QccVIDrwmhDecodeHeader.3

NAME

QccVIDrwmhEncode, QccVIDrwmhDecode - encode/decode an image sequence using the RWMH algorithm

int QccVIDrwmhEncode(QccIMGImageSequence *image_sequence, const QccFilter *filter1, const QccFilter *filter2, const QccFilter *filter3, int subpixel_accuracy, int blocksize, QccBitBuffer *output_buffer, int num_levels, int target_bit_cnt, const QccWAVWavelet *wavelet const QccString mv_filename, int read_motion_vectors, int quiet);

int QccVIDrwmhDecodeHeader(QccBitBuffer *input_buffer, int *num_rows, int *num_cols, int *start_frame_num, int *end_frame_num, int *num_levels, int *blocksize, int *target_bit_cnt);

int QccVIDrwmhDecode(QccIMGImageSequence *image_sequence, const QccFilter *filter1, const QccFilter *filter2, const QccFilter *filter3, int subpixel_accuracy, int blocksize, QccBitBuffer *input_buffer, int target_bit_cnt, int num_levels, const QccWAVWavelet *wavelet, const QccString mv_filename, int quiet);

DESCRIPTION

Encoding

QccVIDrwmhEncode() encodes an image_sequence using the redundant-wavelet-multihypothesis (RWMH) video-coding algorithm by Cui et al. Essentially, the RWMH algorithm involves traditional block-based motion estimation and motion compensation wherein the redundant phases of the RDWT of the reference frame are used to provide a multihypothesis estimate of motion based on the diversity of the transform phases; see "ALGORITHM" below for greater detail.
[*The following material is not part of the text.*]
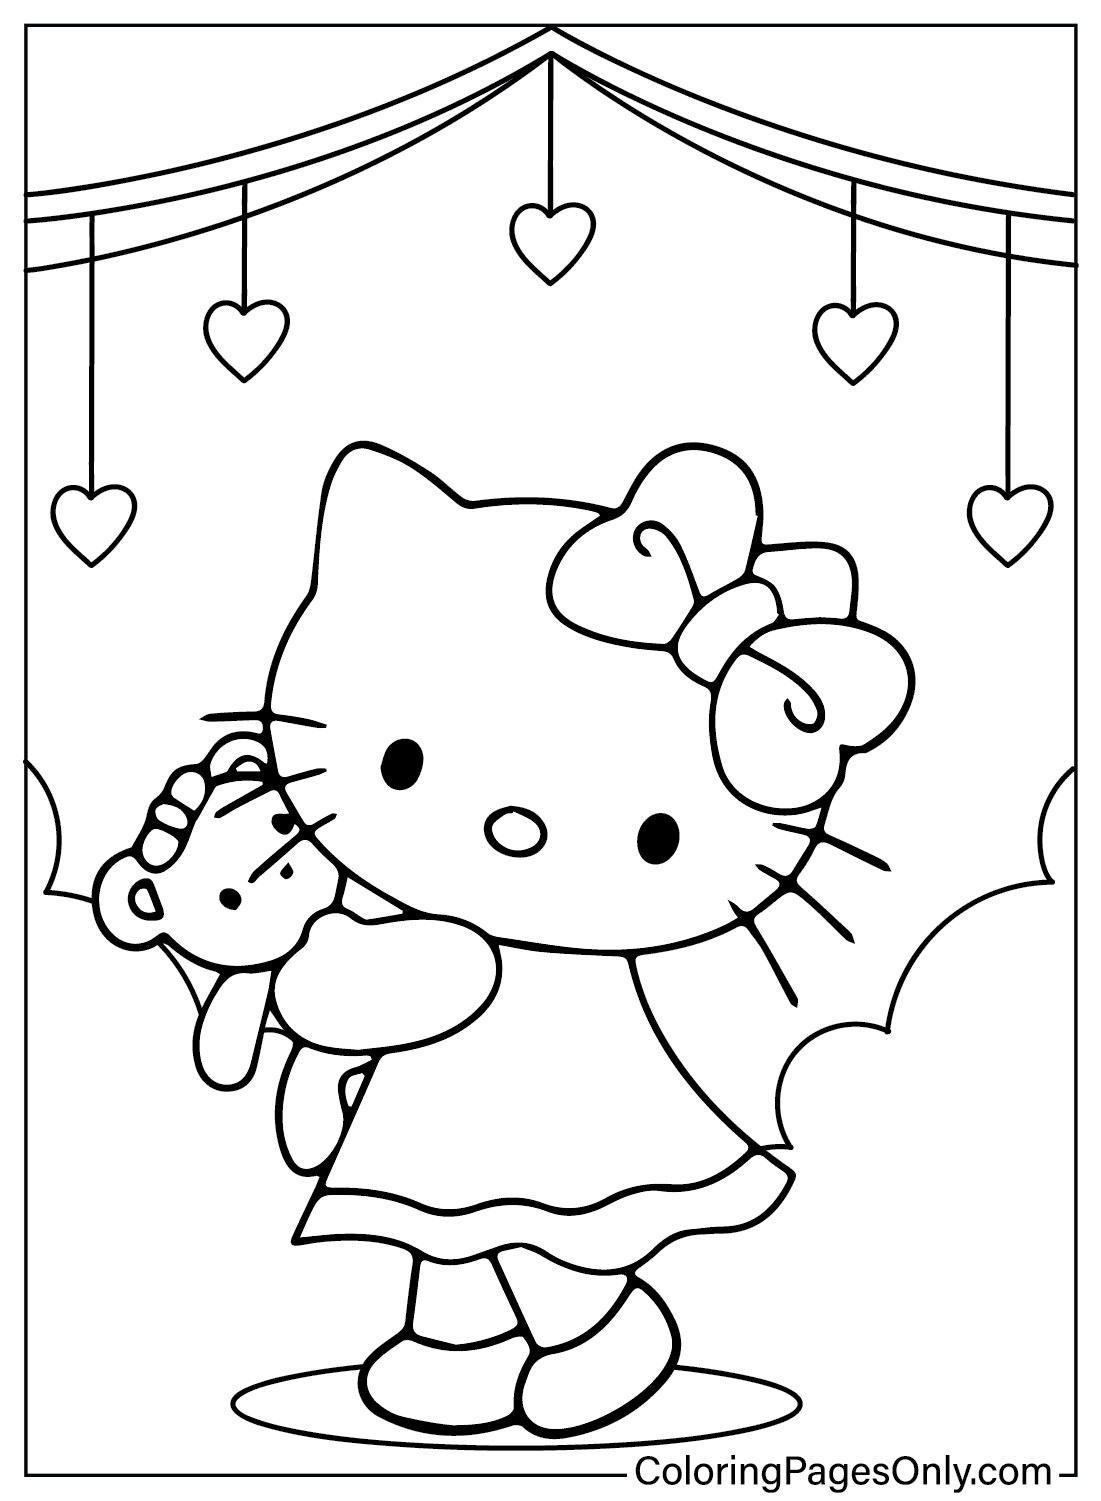 Leuke Hello Kitty kleurplaat van Hello Kitty

image_sequence is the image sequence to be coded and should indicate a collection of grayscale images of the same size stored as separate, numbered files; the filename indicated by image_sequence must contain one printf(3) -style numerical descriptor which will then be filled in the current frame number (e.g., football.%03d.pgm will become football.000.pgm, football.001.pgm, etc.; see QccPackIMG(3) ). Each frame of image_sequence must have a size which is an integer multiple of blocksize both horizontally and vertically. Both the start_frame_num and end_frame_num fields of image_sequence should indicate the desired starting and stopping frames, respectively, for the encoding; these should either be set manually or via a call to QccIMGImageSequenceFindFrameNums(3) prior to calling QccVIDrwmhEncode().

filter1, filter2, and filter3 are interpolation filters for supporting the subpixel accuracy specified by subpixel_accuracy which can be one of QCCVID_ME_FULLPIXEL, QCCVID_ME_HALFPIXEL, QCCVID_ME_QUARTERPIXEL, or QCCVID_ME_EIGHTHPIXEL, indicating full-, half-, quarter-, or eighth-pixel accuracy, respectively. See "SUBPIXEL ACCURACY" below.

block_size is the size of square blocks to use in the RWMH algorithm.

output_buffer is the output bitstream which must be of QCCBITBUFFER_OUTPUT type and opened via a prior call to QccBitBufferStart(3) .

num_levels gives the number of levels of dyadic wavelet decomposition to perform, and wavelet is the wavelet to use for decomposition, in all the RDWTs in the RWMH algorithm.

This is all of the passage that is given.